Moim zdaniem powinno eliminować się przyczyny popełniania przestępstw zamiast masowo zamykać ludzi w i tak przepełnionych ośrodkach.
syzu, 17 lipca 2008, 19:41
Kłamstwo to:
- utajenie prawdy ze strachu przed konsekwencjami i brak odwagi stawienia czoła rzeczywistości,
- fantazjowanie, czyli odtwarzanie wydarzeń w jakich chciałoby się wziąć udział a nie wzięło się z braku odwagi lub koloryzowanie prawdziwych
- sposób na życie
Zakładając, że Twój znajomy, nazwijmy go Jacuś skłamał. Po prostu skłamał. To na pewno nie powiesz, że popełnił przestępstwo.
este perfil es muy tonto, 18 lipca 2008, 16:19
nasze prawo nie każe kłamstw,ani nie każe prewencyjnie,na podstawie domniemania możliwości popełnienia czynu karalnego w przyszłości,możemy je zmienić i resocjalizować masy ludności dbając o to by im nie został uraz po "zabraniu grabek w piaskownicy",podobnie było u Huxleya.Nie oznacza to że nie możemy karać tych z urazem za to że są jacy są(choć może nieco łagodniej od tych bez urazu,z premedytacją łamiący prawo,choć nawet to potrafimy uzasadnić i nie wynika to z ich wolnej woli).
syzu, 18 lipca 2008, 16:24
Codziennie takich każe się mentalnie. Wypycha z areny społecznej. Słabe, nieprzystosowane jednostki same czują, że powinny uciec od społeczeństwa zamiast samemu codziennie stawać się lepszym. To ludzie z kompleksami, podatni na "nie". Sami robią kał do swoich umysłów.
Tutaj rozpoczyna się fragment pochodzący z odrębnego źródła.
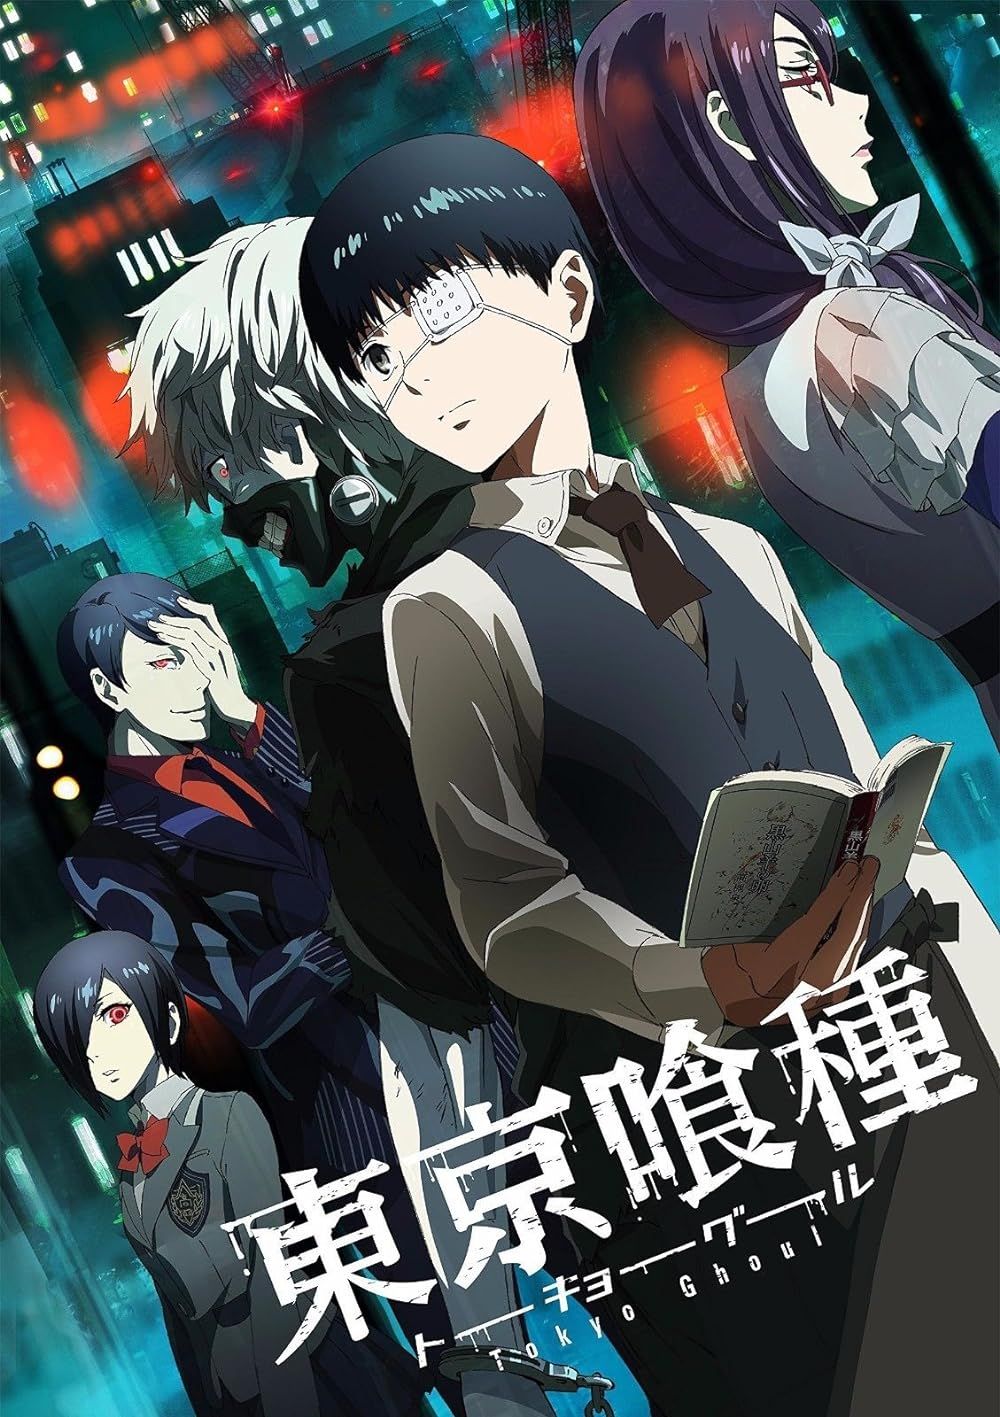 The Cast on the Tokyo Ghoul Poster

este perfil es muy tonto, 18 lipca 2008, 16:32
nie tak ostro!introwertycy mogą dostrzec piękno którego ekstrawertycy zajęci życiem,pracą,zabawą nie dostrzegą.Ekstrawertycy i jednostki żyjące pełnią życia też mają niekiedy "kał" w głowie,bywają płytcy,nawet częściej niż zakompleksieni,bo nie mają czasu na myślenie.Chociaż niektóre EMOstwory też są porąbane,ale ja tam generalnie wolę towarzystwo outsiderów z kompleksami niż dresów,solarek,dmuchanych lalek,ludzi zaradnych życiowo którzy filozofię,literaturę,sztukę uznają za gówno i zachwycają się najnowszymi popprodukcjami.
syzu, 18 lipca 2008, 16:40
za to dostałem -karme? pozdrawiam
este perfil es muy tonto, 18 lipca 2008, 16:41
dokładnie za to
syzu, 18 lipca 2008, 23:57
Zauważyłem ostatnio, że z Tobą to albo grochem o ścianę, albo jak z miodem. Jeśli jednak dociera to znowu trzeba uważać żeby nie scukrzył się. Mimo wszystko podziwiam.